Page 1 of 1

Lookup stage

Posted: Thu Sep 16, 2010 2:37 am
by srinivas.nettalam
Hi ,
Please let me know whether the conception below is right.
If the primary and reference links have the same column names for non-key columns, then even though the reference column is pulled the data in it is the data from primary link's column.
Please let me know on this ....

Posted: Thu Sep 16, 2010 3:46 am
by ray.wurlod
Welcome aboard.

You really haven't given enough information - I am presuming that your question refers to a Lookup stage.

The answer is "maybe". On the output link of the stage you can control which input columns get mapped to output columns.

Question on Lookup stage

Posted: Thu Sep 16, 2010 4:09 am
by srinivas.nettalam
Sorry for not being clear.Here is my concern.Primary link has 2 columns EMP_ID ,EMP_NAME and Reference link has 2 columns EMP_ID and EMP_NAME.key to lookup is EMP_ID and EMP_NAME from reference is mapped to output.Though reference.EMP_NAME is mapped ,the data in that would be the data from primary link,is that true?[/quote]

Posted: Thu Sep 16, 2010 4:18 am
by PhilHibbs
Yes, because if the lookup fails (and you have Continue selected in the input link's Lookup Failure option) then you will get the stream's value and not the NULL of a failed lookup. You can map the lookup link's value to another field if you want, so that you can see which ones failed the lookup further downstream.

Posted: Thu Sep 16, 2010 4:28 am
by srinivas.nettalam
PhilHibbs,
Thank you very much.

Posted: Thu Sep 16, 2010 6:02 am
by srinivas.nettalam
Does it happen only when "continue" is selected?what data would be present if any of the other options is selected?

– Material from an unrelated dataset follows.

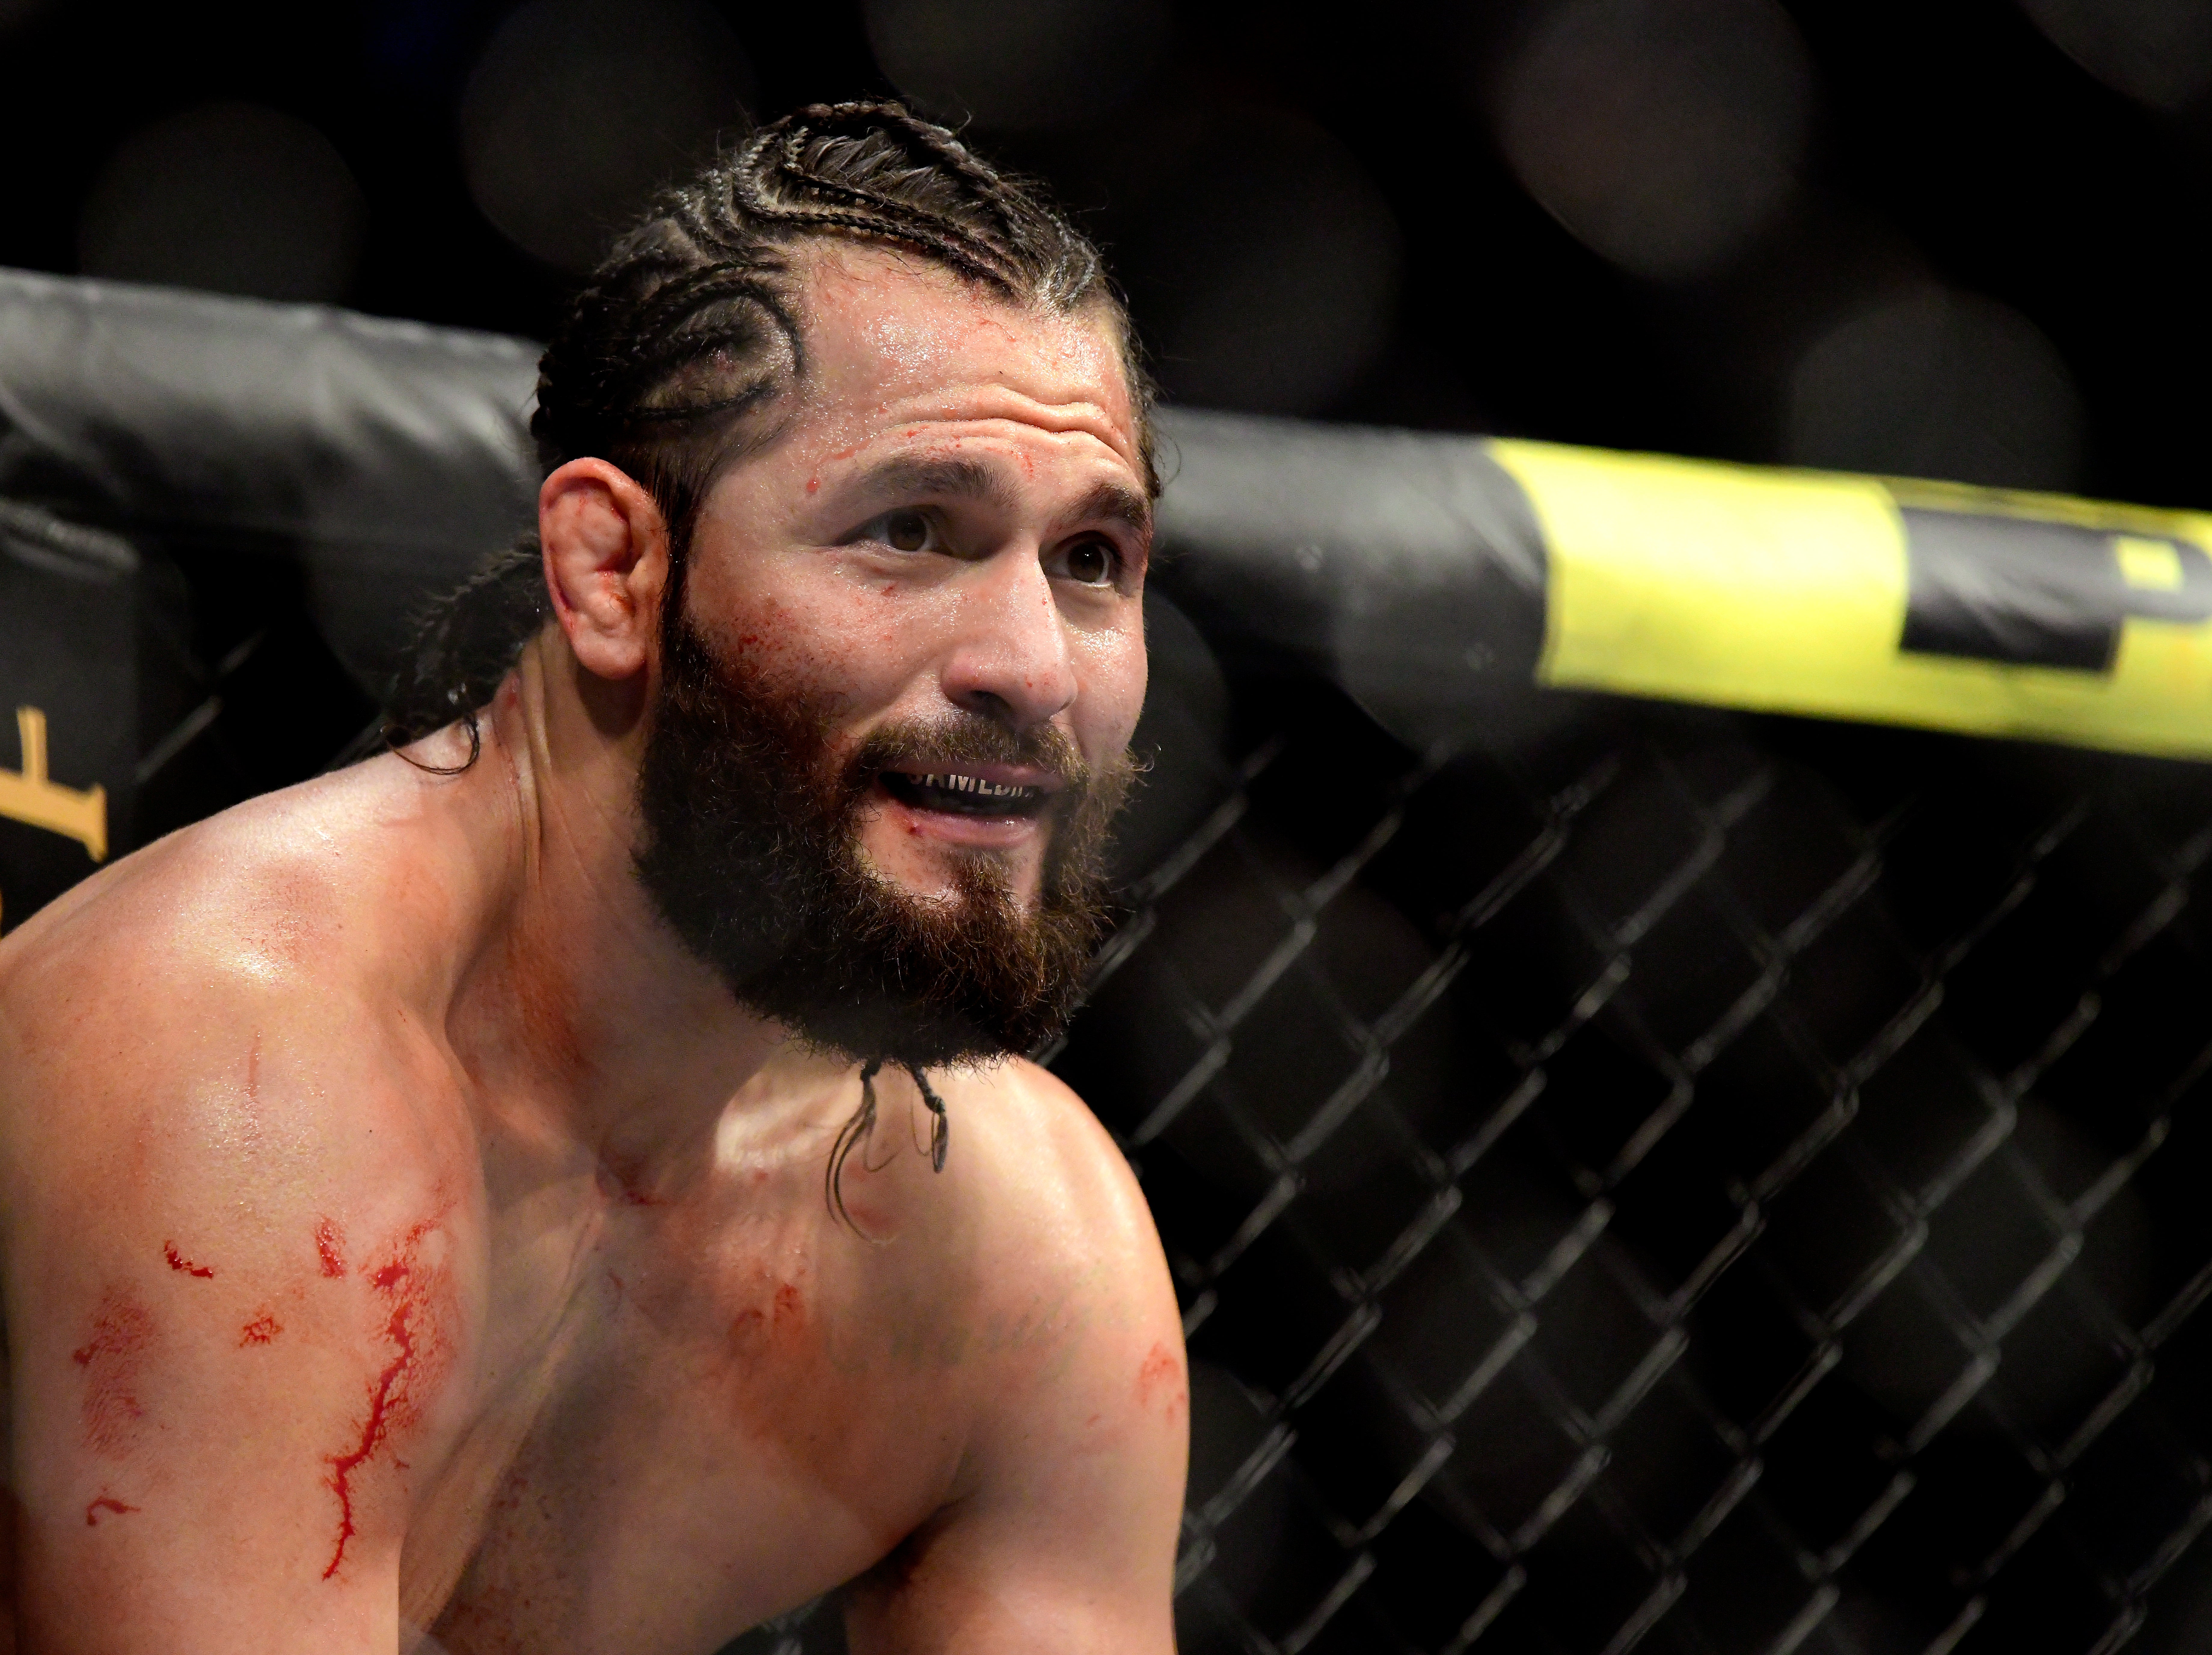 Jorge Masvidal will headline UFC 261 in front of 15,000 fans in his home state of Florida this Saturday
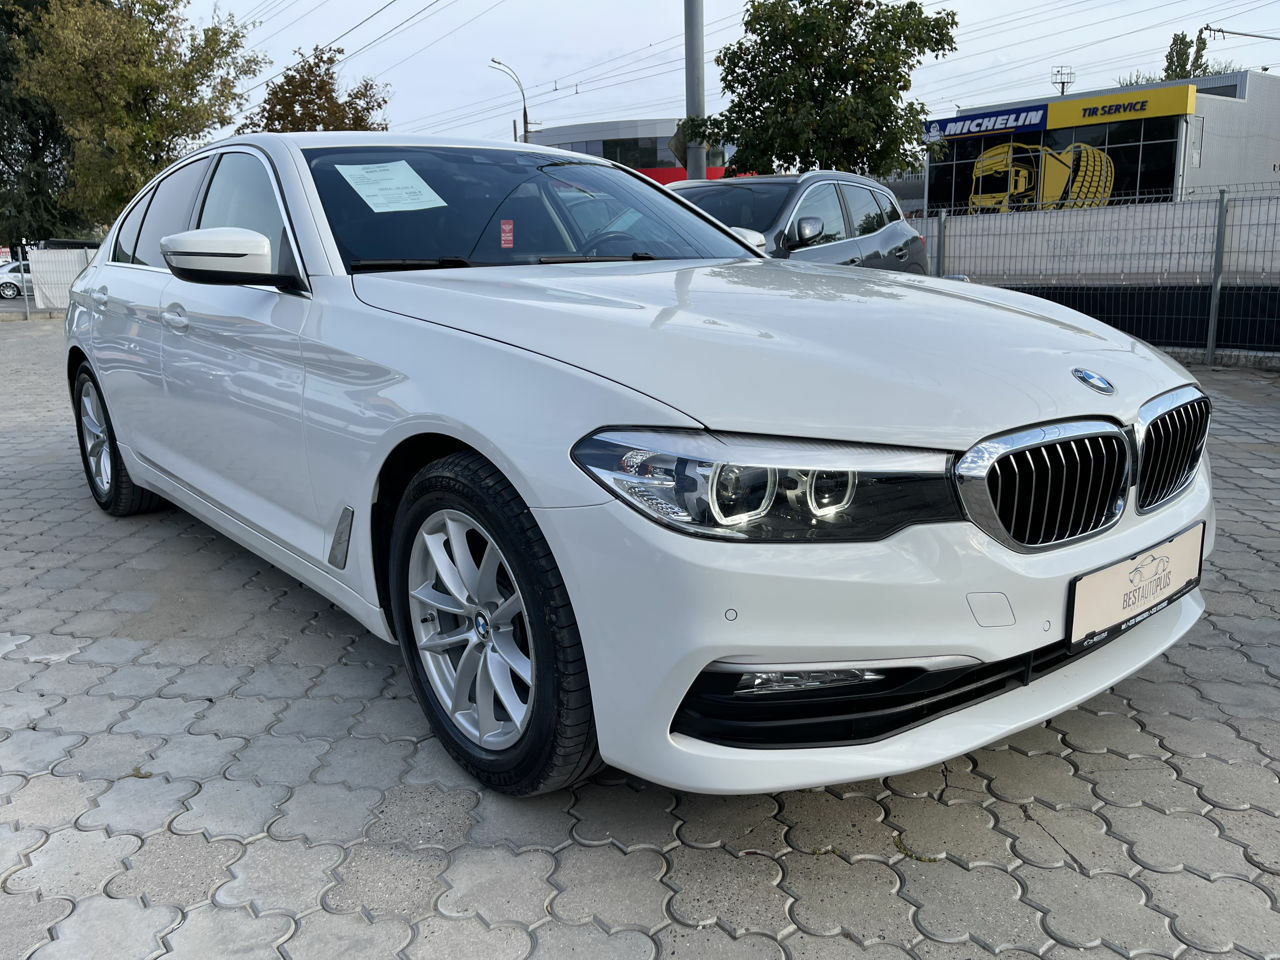 <span style="font-weight: bold;">bmw 520d&nbsp;</span>

Posted: Thu Sep 16, 2010 6:29 am
by jpraveen
Hi Srinivas

Continue is like LEFT JOIN,
Drop is like INNER JOIN,
Reject- the record goes to Reject link,
Fail-we can make Lookup to fail when the condition not met and tha job grt Aborted.

Posted: Thu Sep 16, 2010 6:30 am
by kwwilliams
In your case continue would not be recommended. You should chose reject which would allow you to separate out your matched and unmatched records from the lookup.

You can then handle your rejects (set the empid and name to null or some other value) and then funnel the results together. In general this type of construct gives more visibility into what is occurring in the job. Many people prefer to continue and then handle the lookup failure in a downstream transformer. I prefer to lookup and reject, because it give more verbose information to whomever would be supporting the ETL I write.

Posted: Thu Sep 16, 2010 7:25 am
by srinivas.nettalam
Please pardon me for not being clear with the question from the beginning.
My question is only regarding the functionality of lookup stage only and not regarding any requirement.

If the primary and reference have same column name as per my previous question ,and reference.EMP_NAME is mapped to ouput,the data that flows to output is from stream.EMP_NAME though stream.EMP_NAME is not mapped to any of the output columns

Posted: Thu Sep 16, 2010 9:20 am
by kwwilliams
Interview question??

If you use continue and mapped the reference as the output, the result would be null if the lookup failed and you would have to handle it downstream.

Reject would only allow matches out the primary stream while creating a reject stream.

Fail would cause the entire job to fail.

Posted: Thu Sep 16, 2010 4:19 pm
by kumar_s
Yes, Datastage will drop the columns from the Lookup internally and will Keep the columns from Main stream to the output.